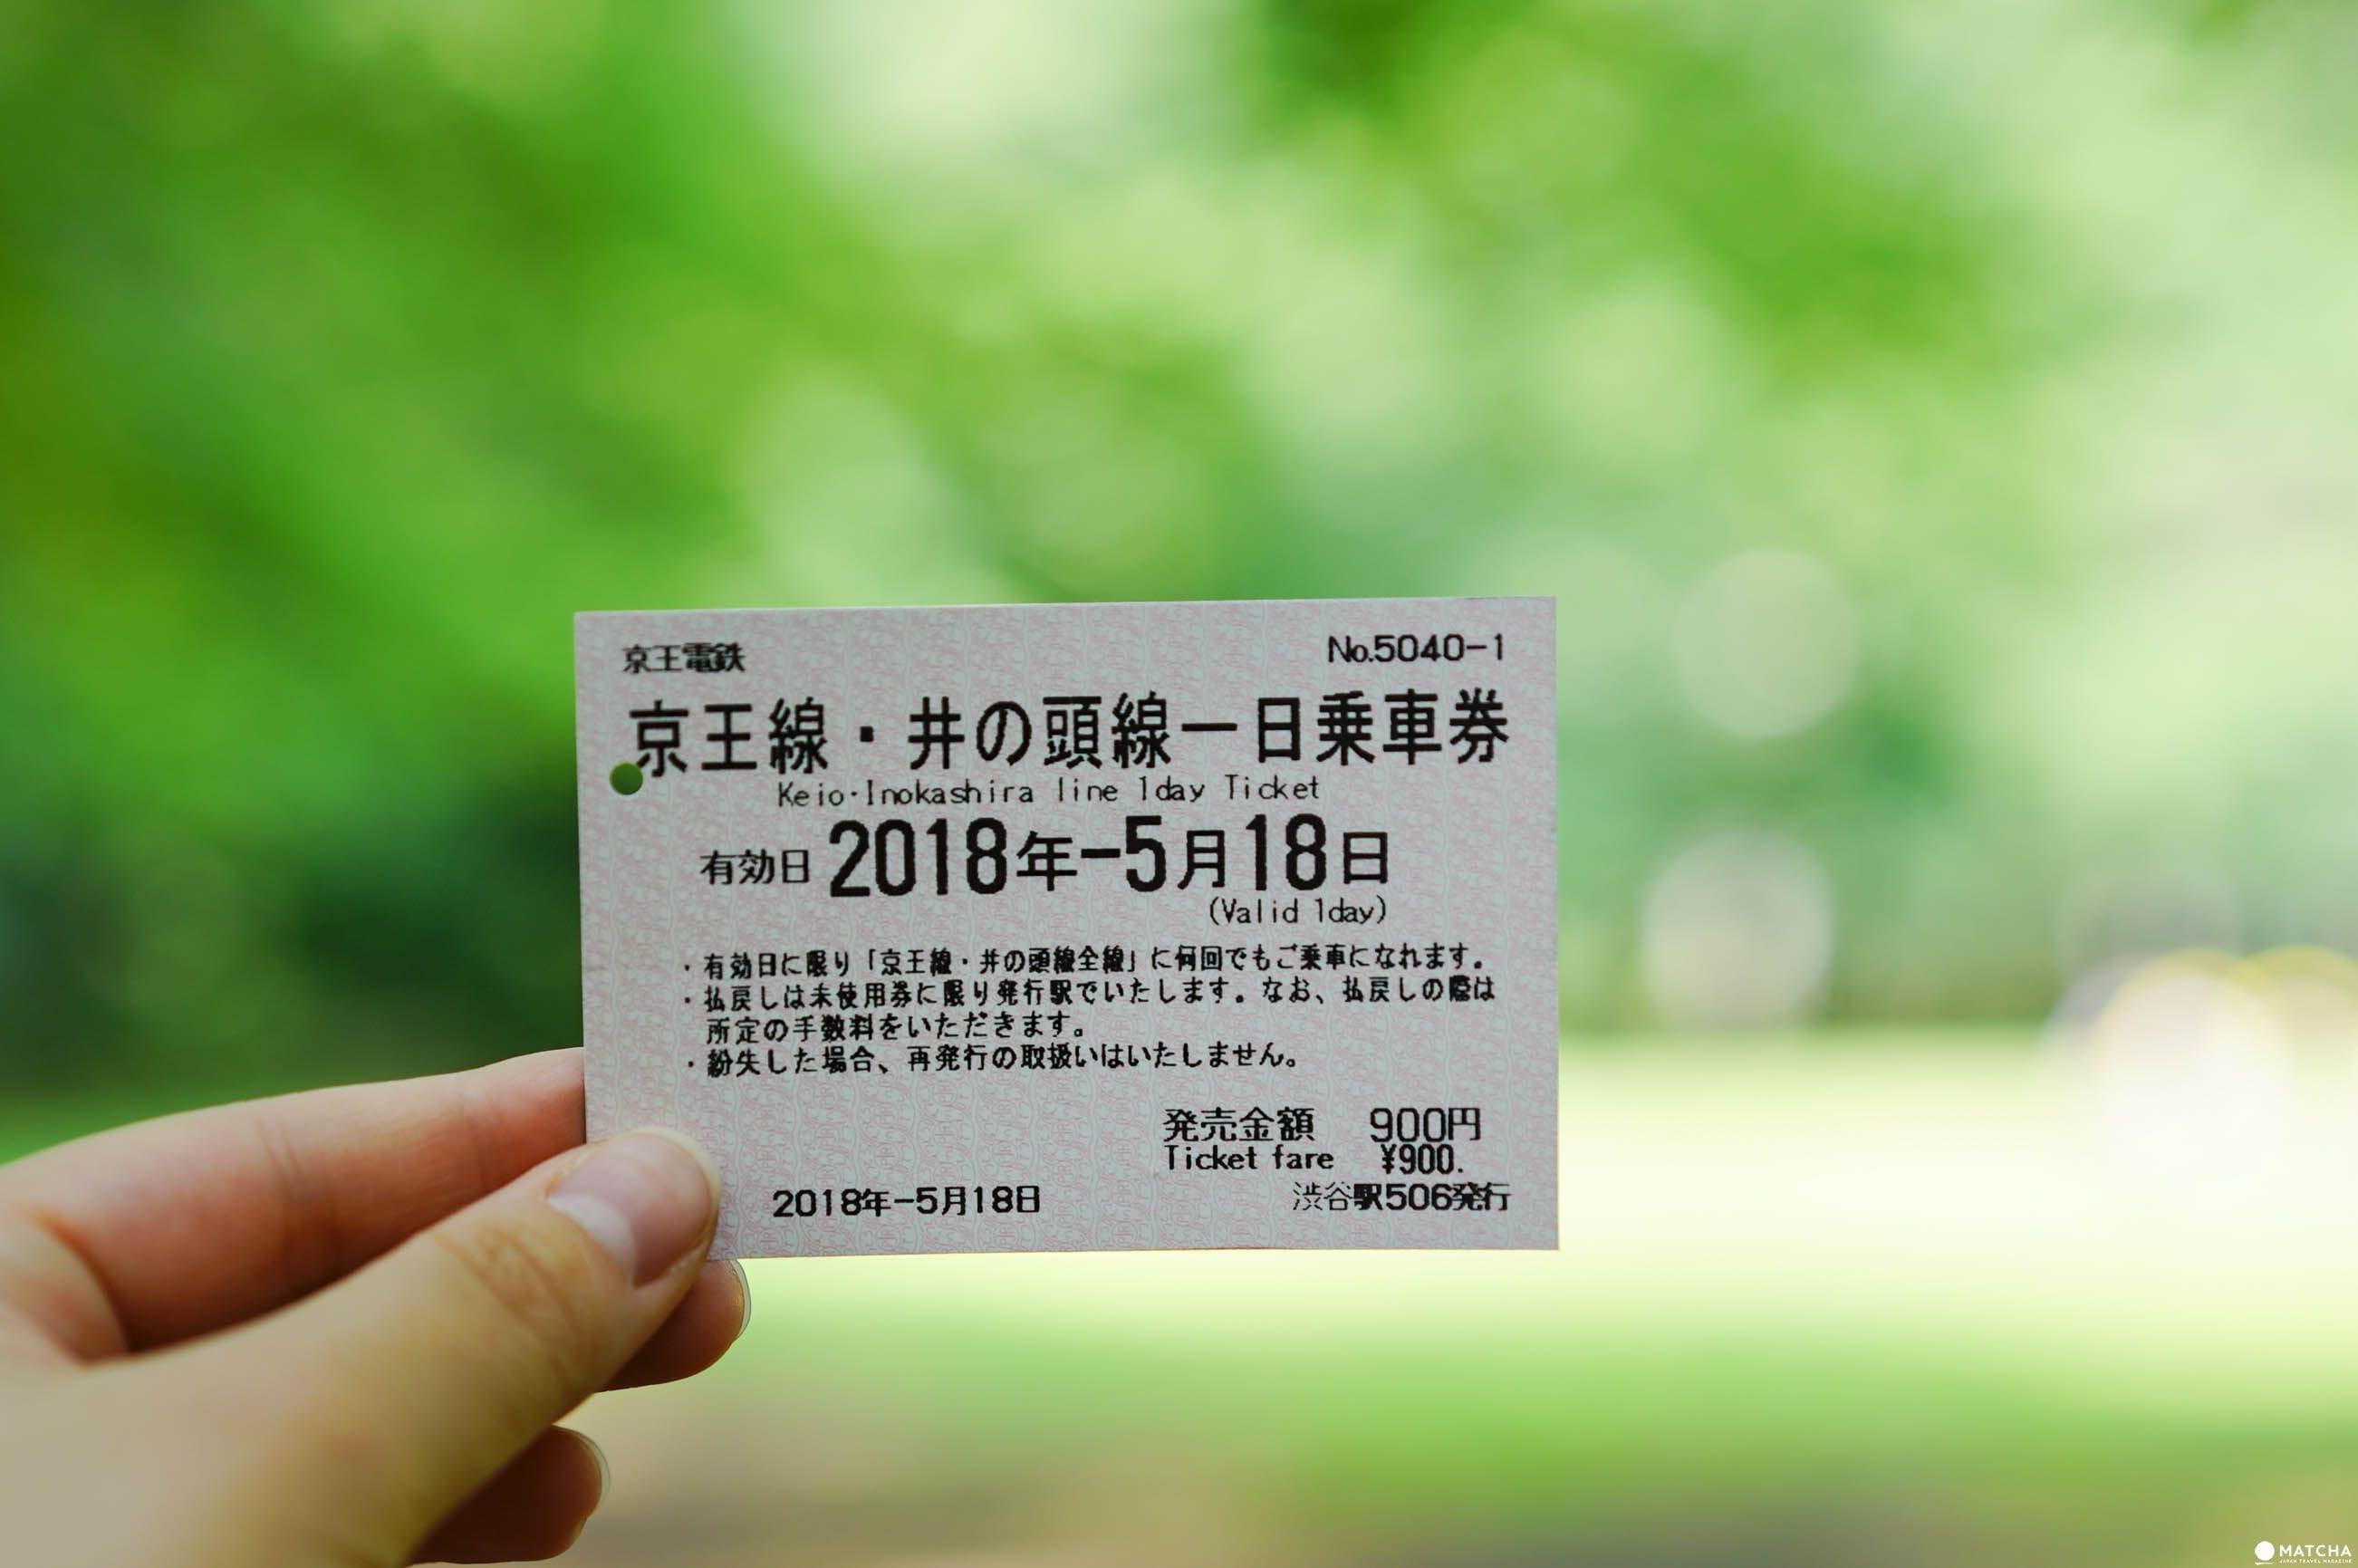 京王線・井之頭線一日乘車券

==

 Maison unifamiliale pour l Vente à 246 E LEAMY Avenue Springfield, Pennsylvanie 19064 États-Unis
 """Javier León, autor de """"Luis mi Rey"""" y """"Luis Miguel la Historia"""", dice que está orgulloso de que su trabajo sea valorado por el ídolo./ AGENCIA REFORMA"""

* * *

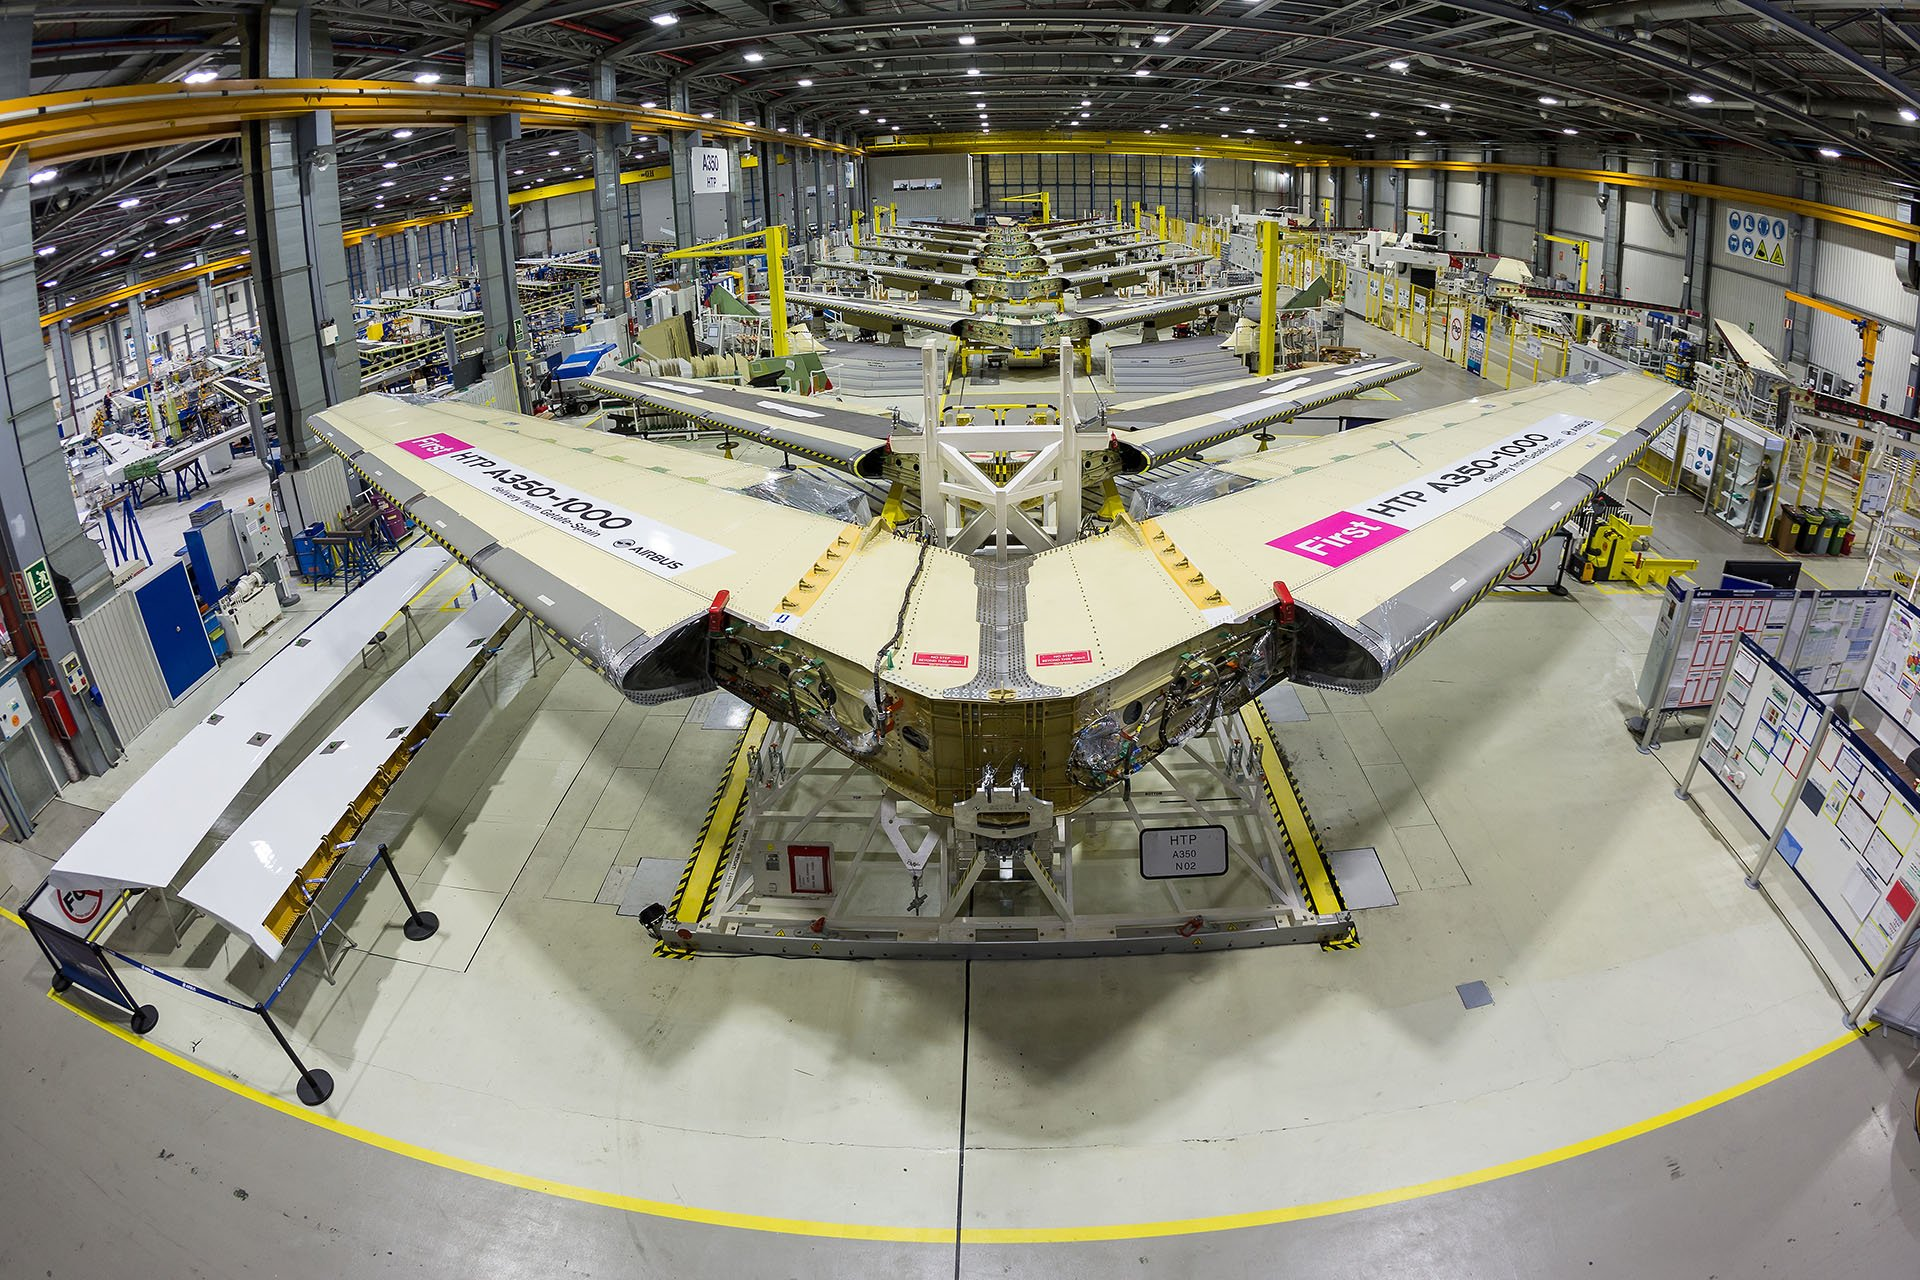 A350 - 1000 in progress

**WORK REQUEST**.
Look above for the line holding "Maison unifamiliale pour" and the line holding "León, autor de", then output exactly those two lines and every line between them, nothing more.

**RESPONSE**.
 Maison unifamiliale pour l Vente à 246 E LEAMY Avenue Springfield, Pennsylvanie 19064 États-Unis
 """Javier León, autor de """"Luis mi Rey"""" y """"Luis Miguel la Historia"""", dice que está orgulloso de que su trabajo sea valorado por el ídolo./ AGENCIA REFORMA"""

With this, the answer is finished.